There were eight delegates and 50 correspondences to city council on the proposed trail underpass beneath the Speedvale Bridge. As to whether or not Guelph should allow storefront retail cannabis, it was three delegates and two written submissions.
And that should tell you everything you need to know about Guelph.
At Monday’s council meeting, by a vote of 10 to 3, Guelph opted in to allowing privately-owned, bricks and mortar pot shops to open in the city. So Snooch to the Nooch, Royal City!
But seriously, I think I agree with Councillor Dan Gibson when he observed that it was only somewhere around the middle of the debate that council realized the implications of what they were debating.
Part of that may be the fault of all us. The October 17 legalization of cannabis came and went like it was any other day. The sky did not fall, nor did Canadian society collapse into the original apocalyptic vision of pot use run rampant, Reefer Madness.
That’s not to say we understand the total health and social effect of legal cannabis. Not yet, anyway.
Dr. Nicola Mercer, the medical officer of health at Wellington-Dufferin-Guelph Public Health, painted a picture of cautious concern when it comes to the world with legalized pot. Although it wasn’t her intent, looking back at the meeting, it seems as though Dr. Mercer’s presentation almost scared council straight.
Some people on my Twitter feed took exception to Dr. Mercer focusing on the negatives of cannabis. Of course, there are negatives, but more than say alcohol? A study this summer in the medical journal The Lancet found that alcohol use was the leading health risk factor across the globe in 2016, with 3.8 per cent of all female deaths and 12.2 per cent of all male deaths attributable to alcohol use for people between 15 and 49.
But alcohol has long been a socially accepted vice, where as cannabis has just been a vice. Reefer Madness, you know.
Still, as a former weekend night auditor at an area hotel, I can count on one hand the number of issues I had with stoners versus the dozens of problematic interactions I had with drunks.
Still, it’s a societal change, and I understand why some on council might have had their issues wrapping their heads around it. Councillor Dominique O’Rourke offered insight by posting her pro/con list on social media, but the die was cast well before Monday’s meeting: it just doesn’t make sense to have legal weed and no where you can buy it, in-person, in the city.
Interestingly though, Hamilton opted out, at least until January 14. Hamilton was mentioned by Dr.
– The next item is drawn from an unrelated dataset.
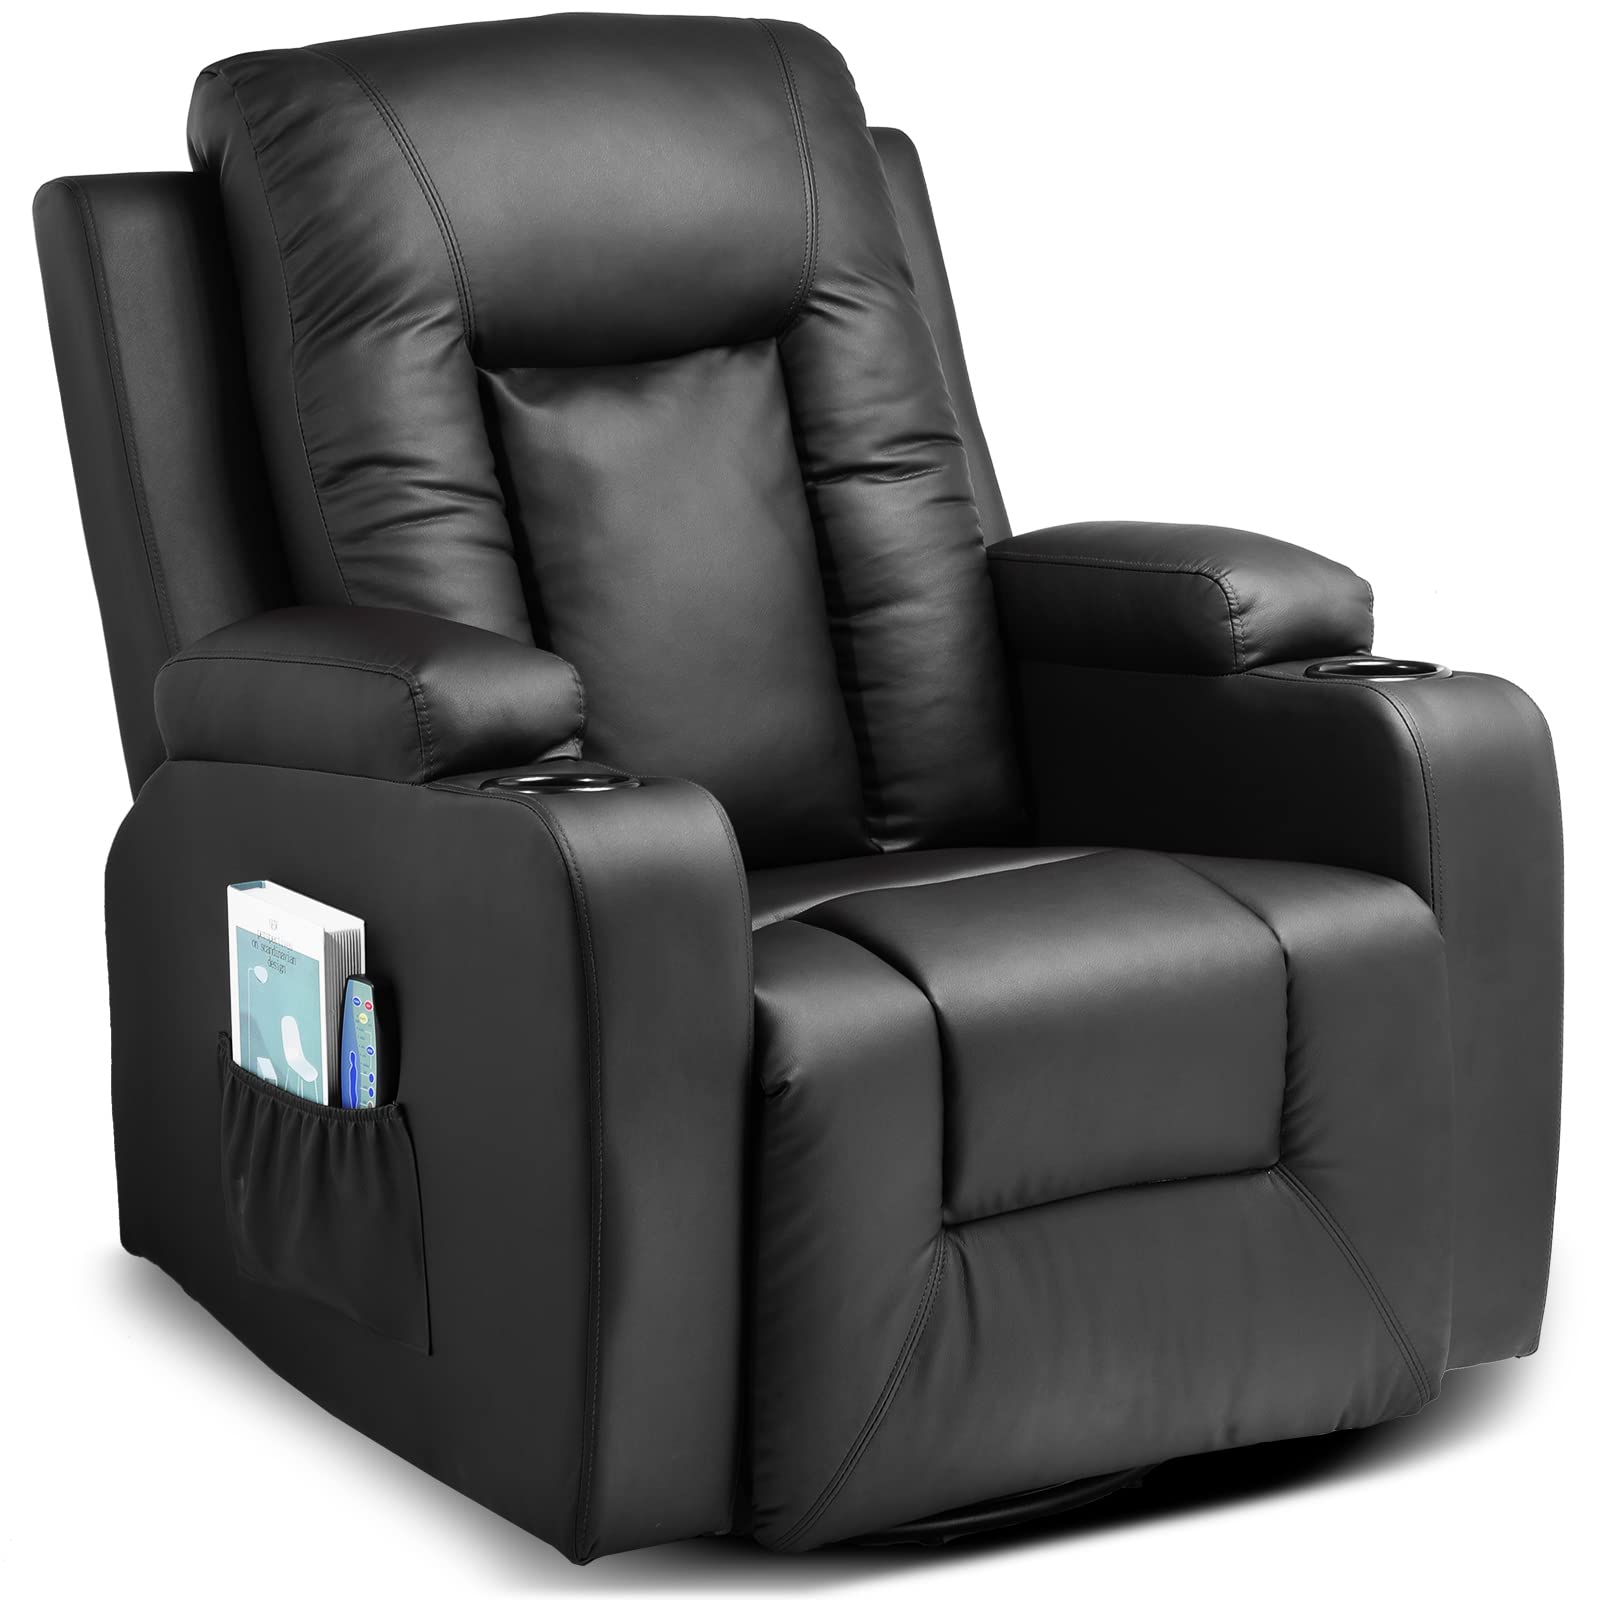 cOMHOMA Leather Recliner chair Modern Rocker with Heated Massage Ergonomic Lounge 360 Degree Swivel Single Sofa Seat with Drink

Mercer as a slam-dunk case to opt-in when they already have so many dispensaries in that town. Cities have until January 22 to tell the province whether they’re opting in or opting out.
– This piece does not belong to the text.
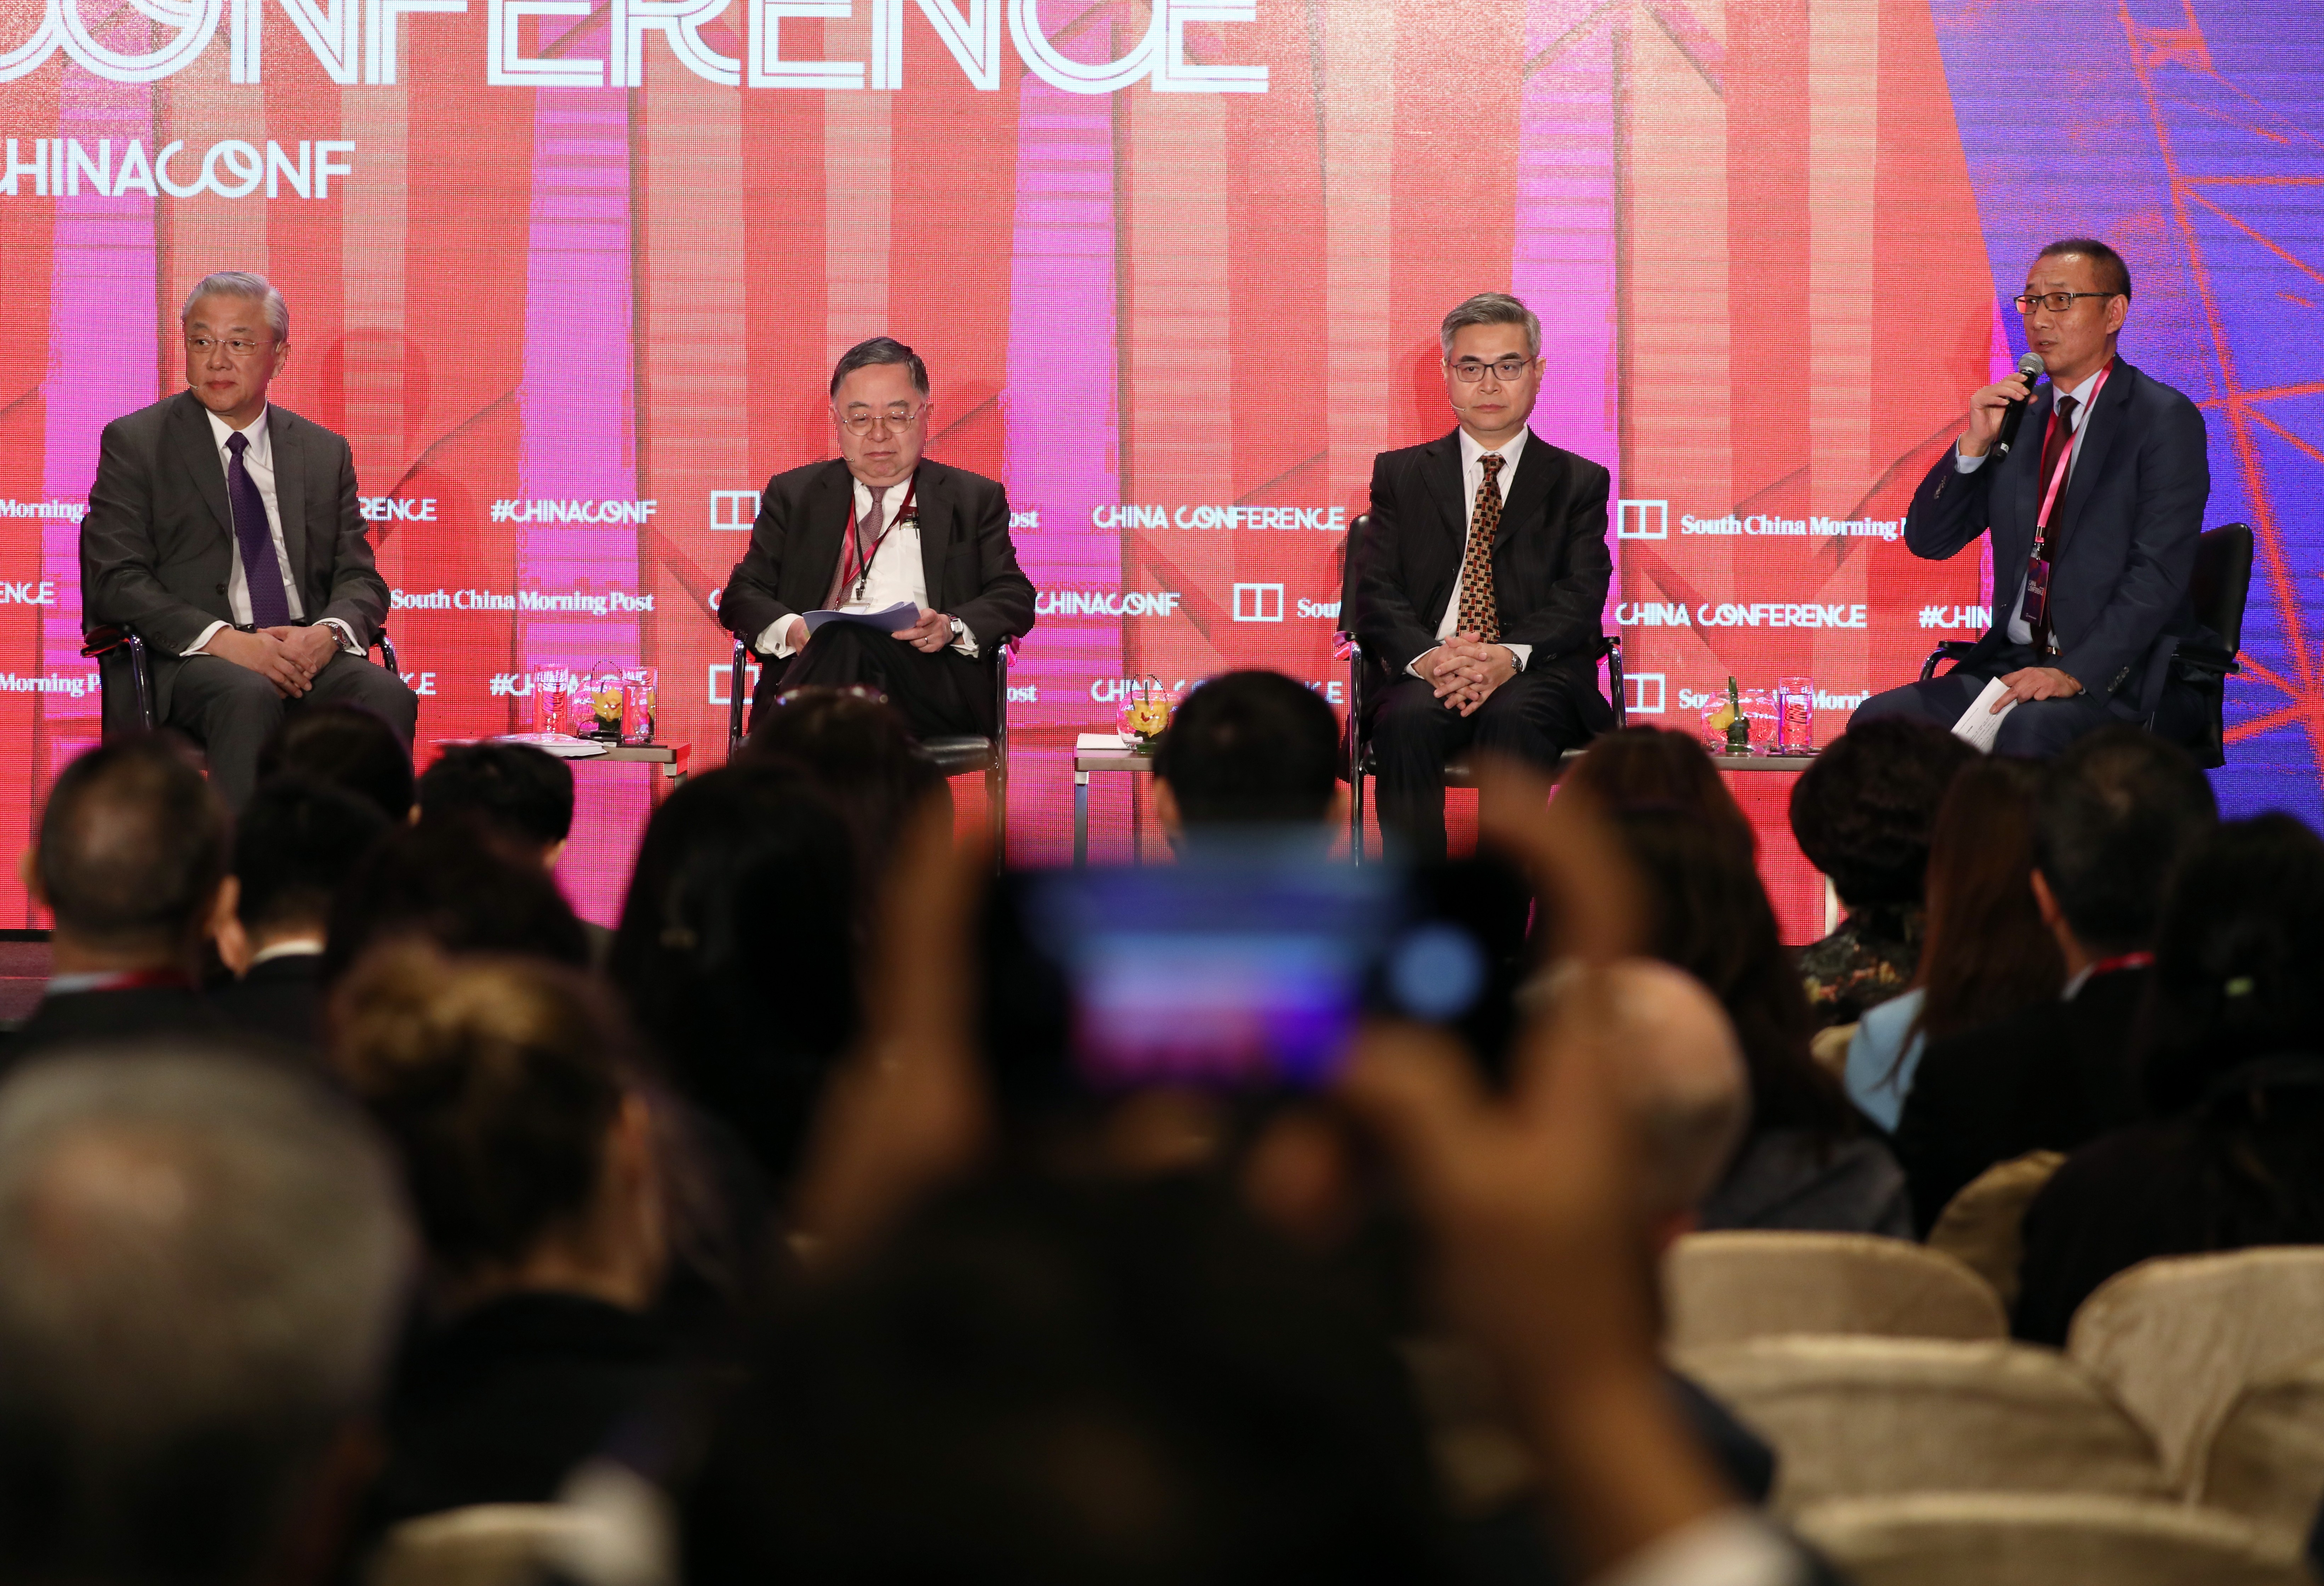 (L-R): Professor of Practice, Peking University HSBC Business School, Professor of Practice in Business and Economics, the University of Hong Kong, Professor Geng Xiao; Chairman, Hang Lung Properties, Ronnie Chan; President, America China Public Affairs Institute, Fred Teng; and Editorial Advisor at SCMP, Wang Xiang-wei, at the SCMP China Conference at JW Marriott Hotel in Admiralty. 21FEB19 SCMP / Nora Tam

I think O’Rourke’s ward-mate, Councillor Mark MacKinnon, put it best when he said that the vote to opt in was not to be made based on one’s personal morality. Cannabis is now a legal product, should we not treat it like we would any other legal product, even the ones that might be dangerous to your health?
And though I agree with MacKinnon on that account, the controversy here may have nothing to do with the product itself. Mississauga has opted out, and so has Milton. In our own backyard, Centre Wellington and Erin have also opted out, as have numerous other small towns and counties in northern Ontario.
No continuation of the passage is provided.